Data excerpt
==============================
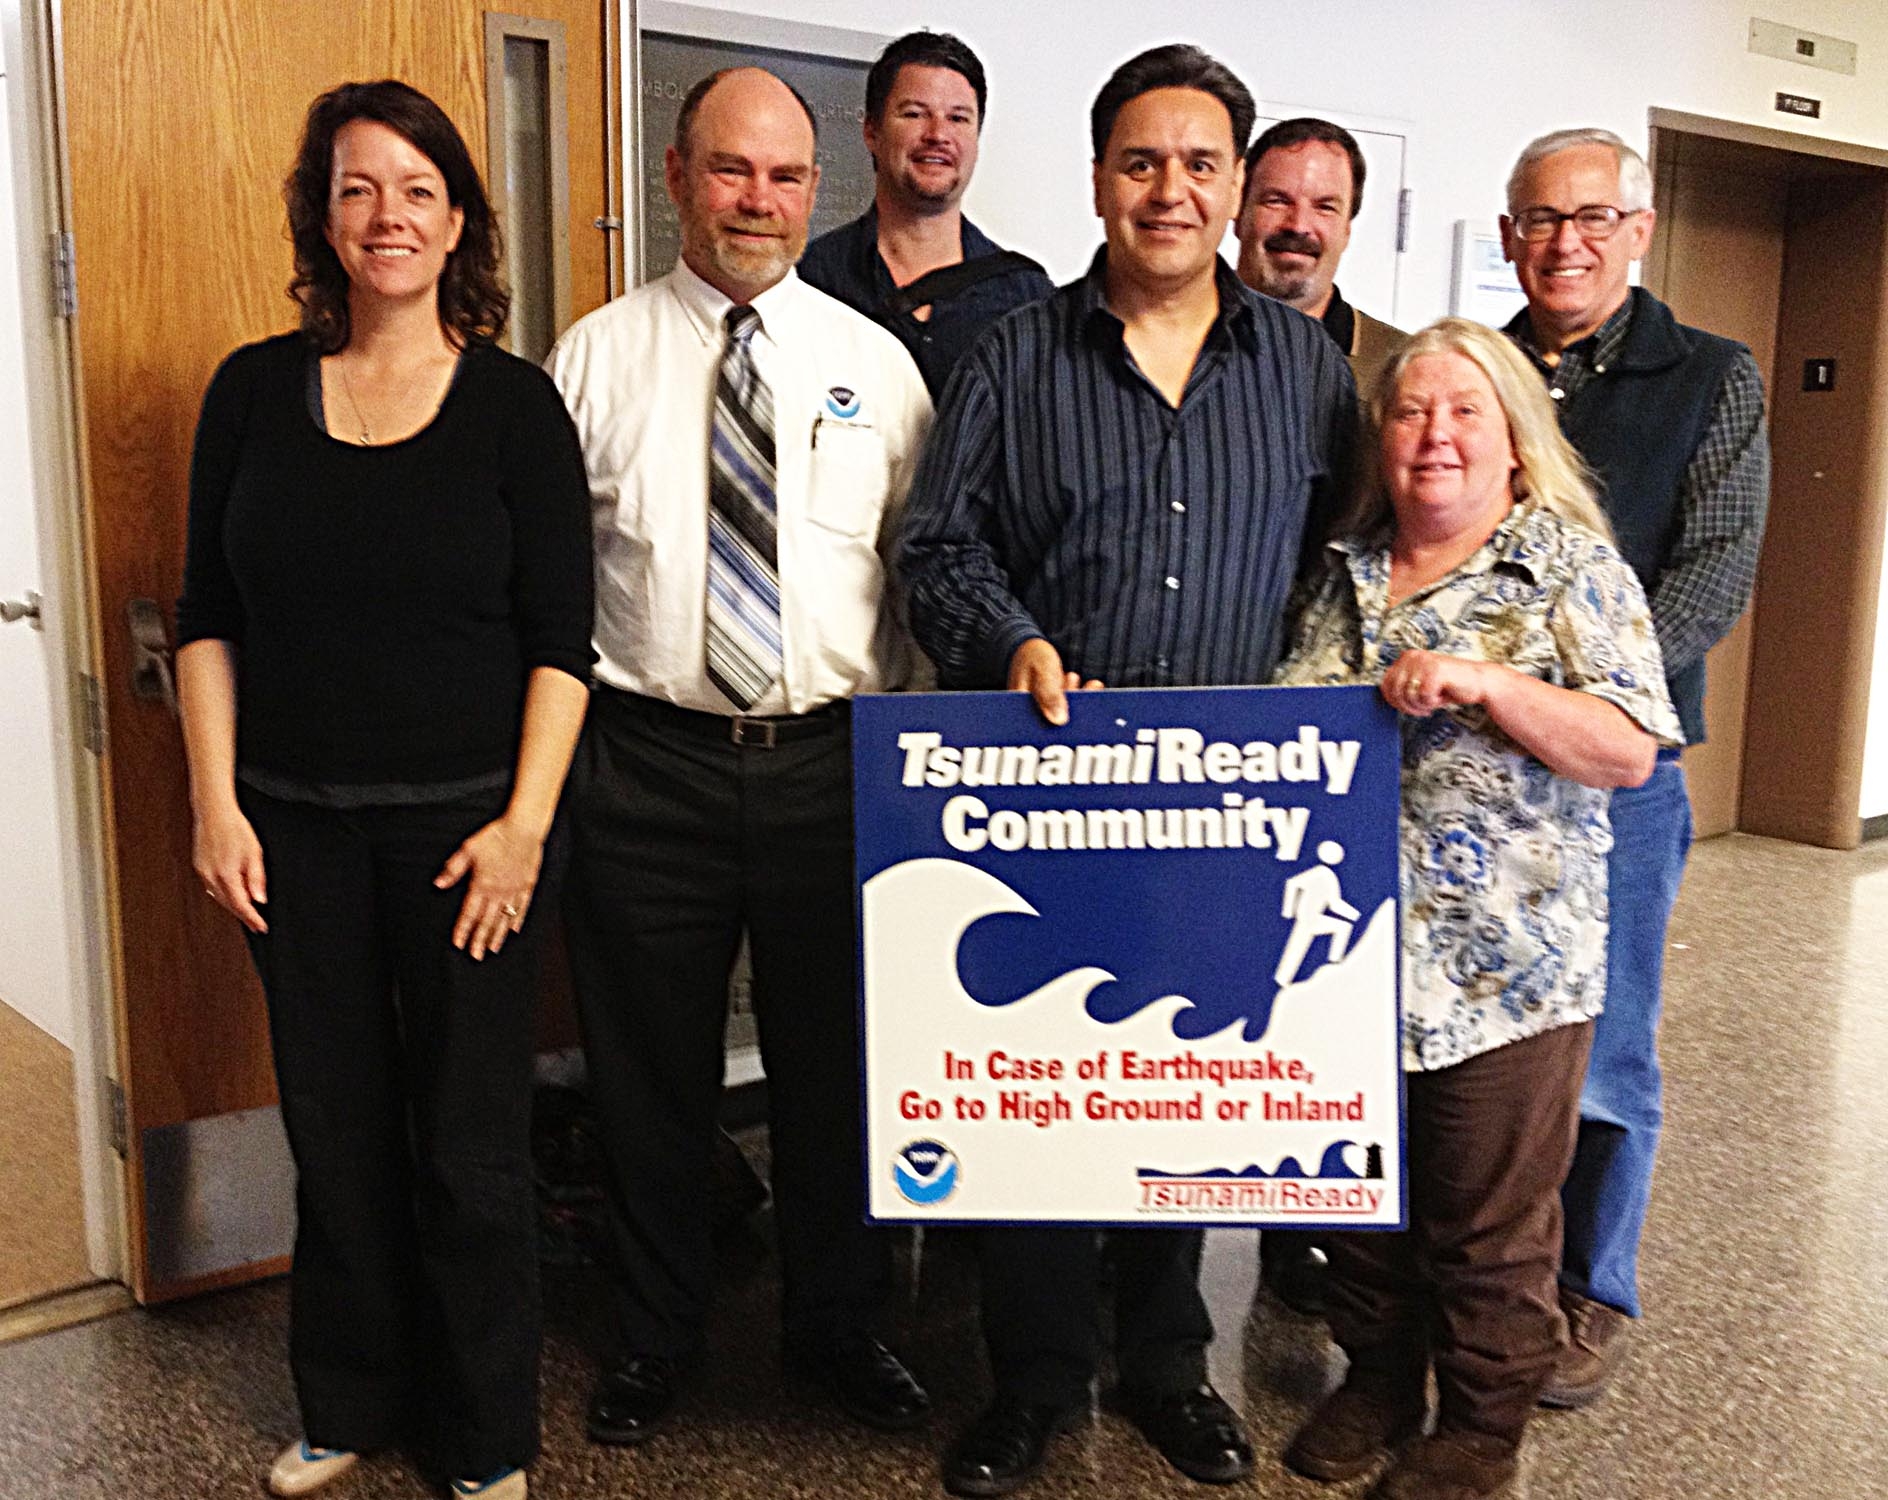 King Salmon, CA presentation of becoming TsunamiReady
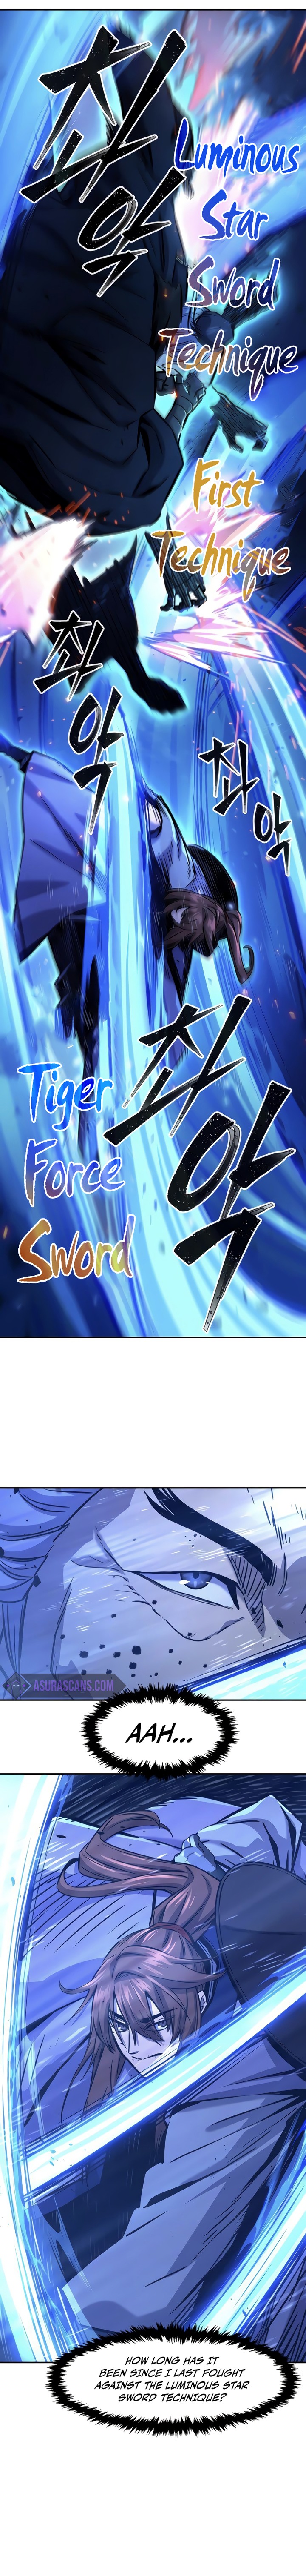 Absolute Sword Sense 66 9
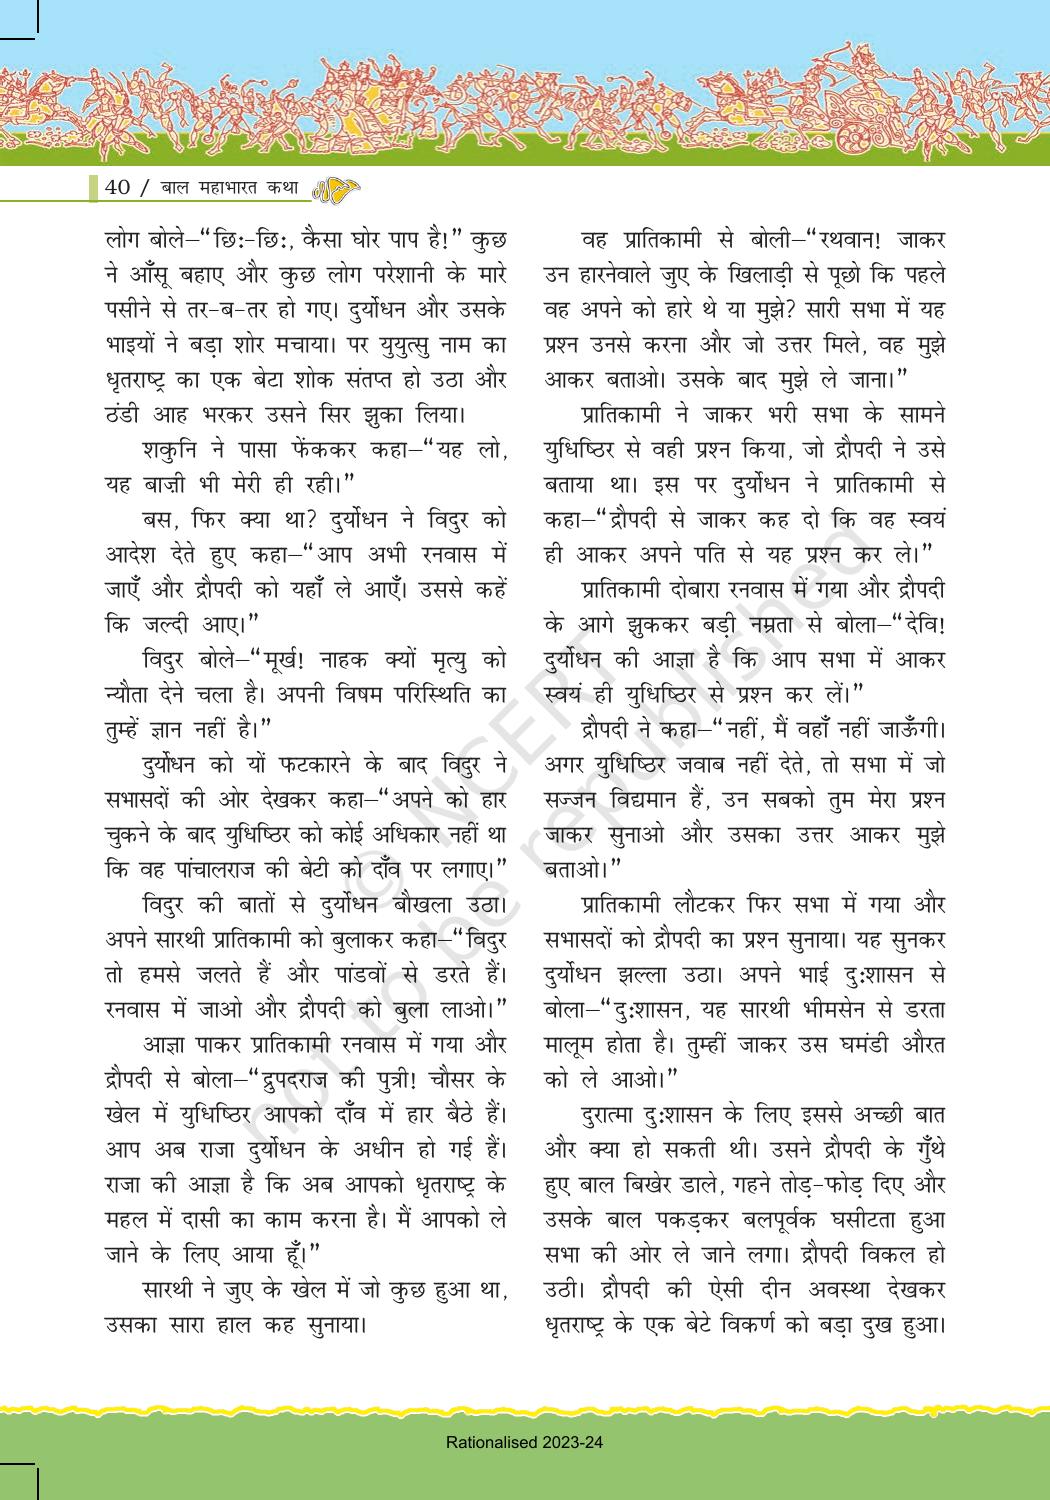 NCERT Book for Class 7 Hindi: Chapter 1-बाल महाभारत कथा - Page 40
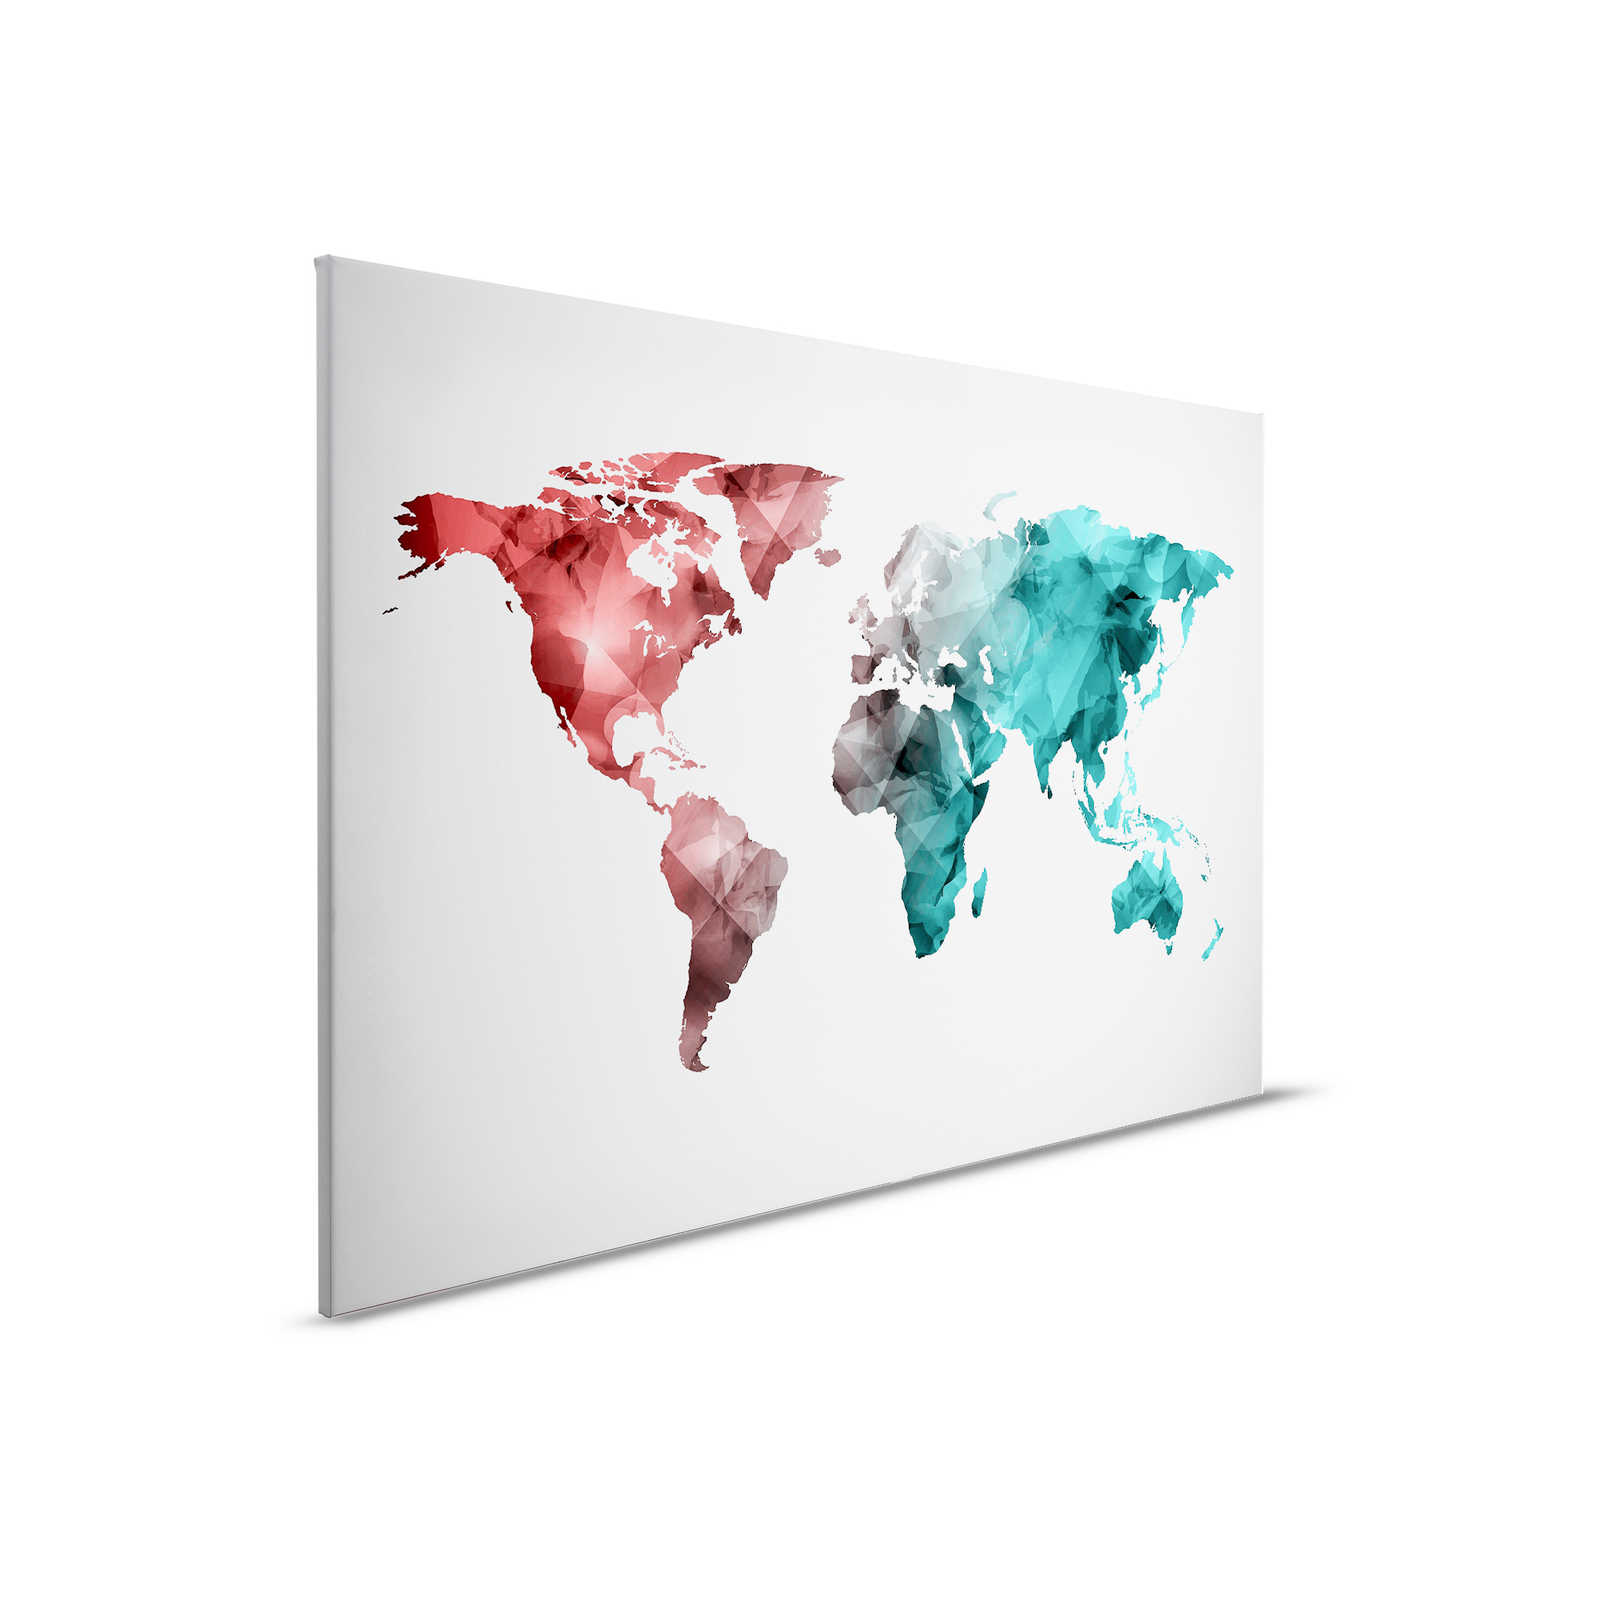 Lienzo con mapamundi de elementos gráficos | WorldGrafic 2 - 0,90 m x 0,60 m
==============================
Work request
Each line of the listing above must be given again exactly; the pictures are to be left out.

Answer for the task
 King Salmon, CA presentation of becoming TsunamiReady
 Absolute Sword Sense 66 9
 NCERT Book for Class 7 Hindi: Chapter 1-बाल महाभारत कथा - Page 40
 Lienzo con mapamundi de elementos gráficos | WorldGrafic 2 - 0,90 m x 0,60 m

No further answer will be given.